- [Your task] Exactly the lines starting at the line containing "7月1日发行：《中国共产党成立100周年》纪念邮票1套20枚、纪念封1套1枚" and ending at the line containing "nautica voyage heritage precio" are to be written out from the listing below, both included.

- [Material for this exercise]
BEGIN

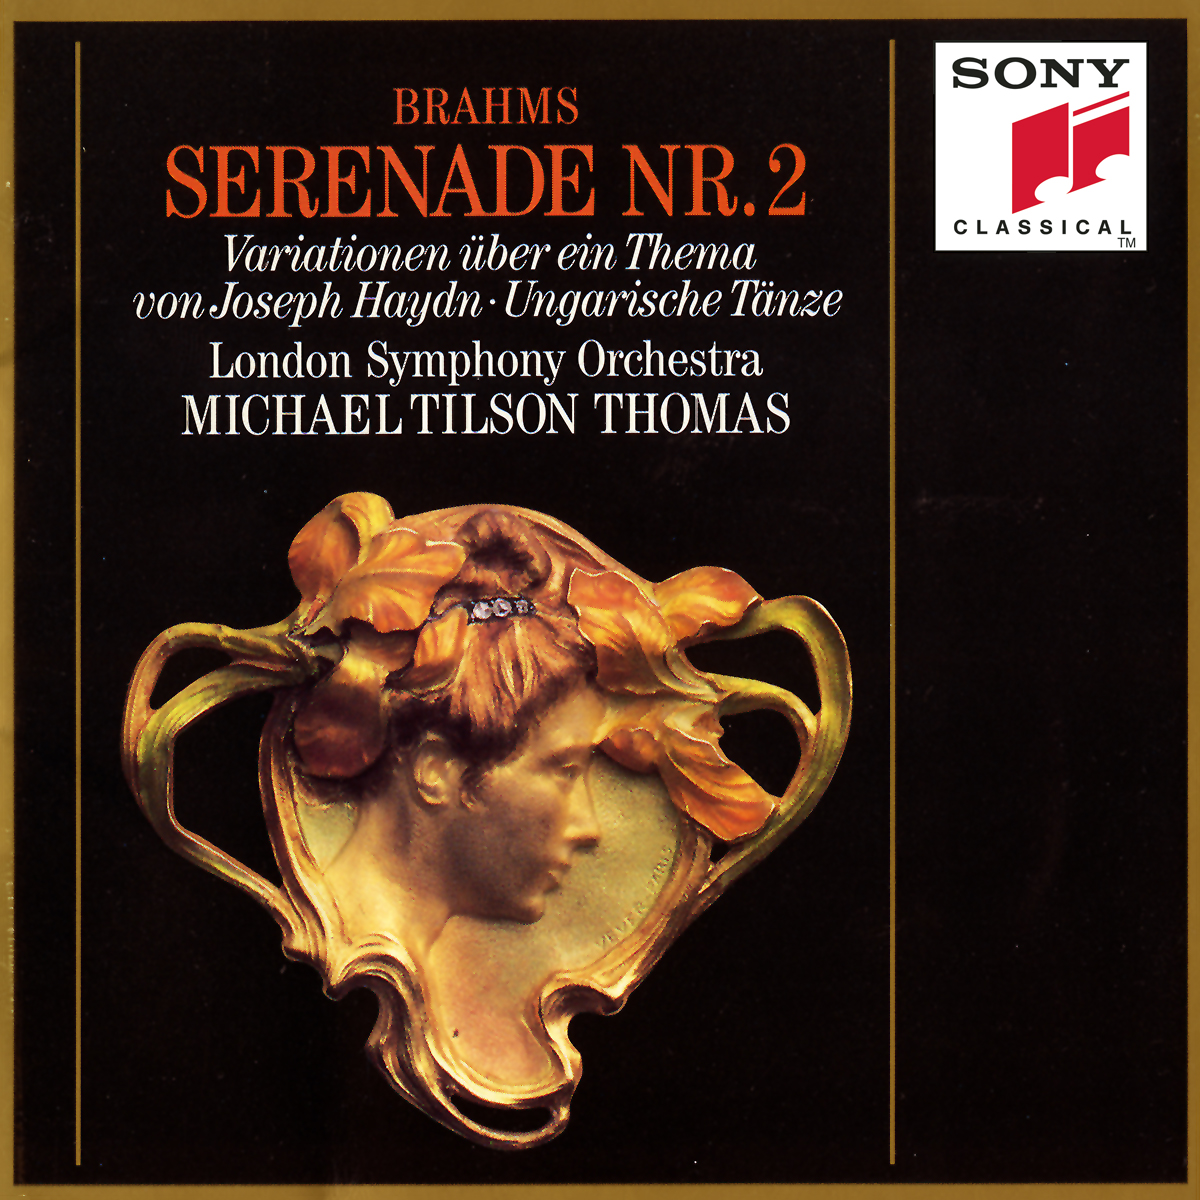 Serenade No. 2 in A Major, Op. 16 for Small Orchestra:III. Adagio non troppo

END
BEGIN

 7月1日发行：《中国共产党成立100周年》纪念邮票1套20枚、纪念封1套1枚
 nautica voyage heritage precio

END

- [Answer box]
 7月1日发行：《中国共产党成立100周年》纪念邮票1套20枚、纪念封1套1枚
 nautica voyage heritage precio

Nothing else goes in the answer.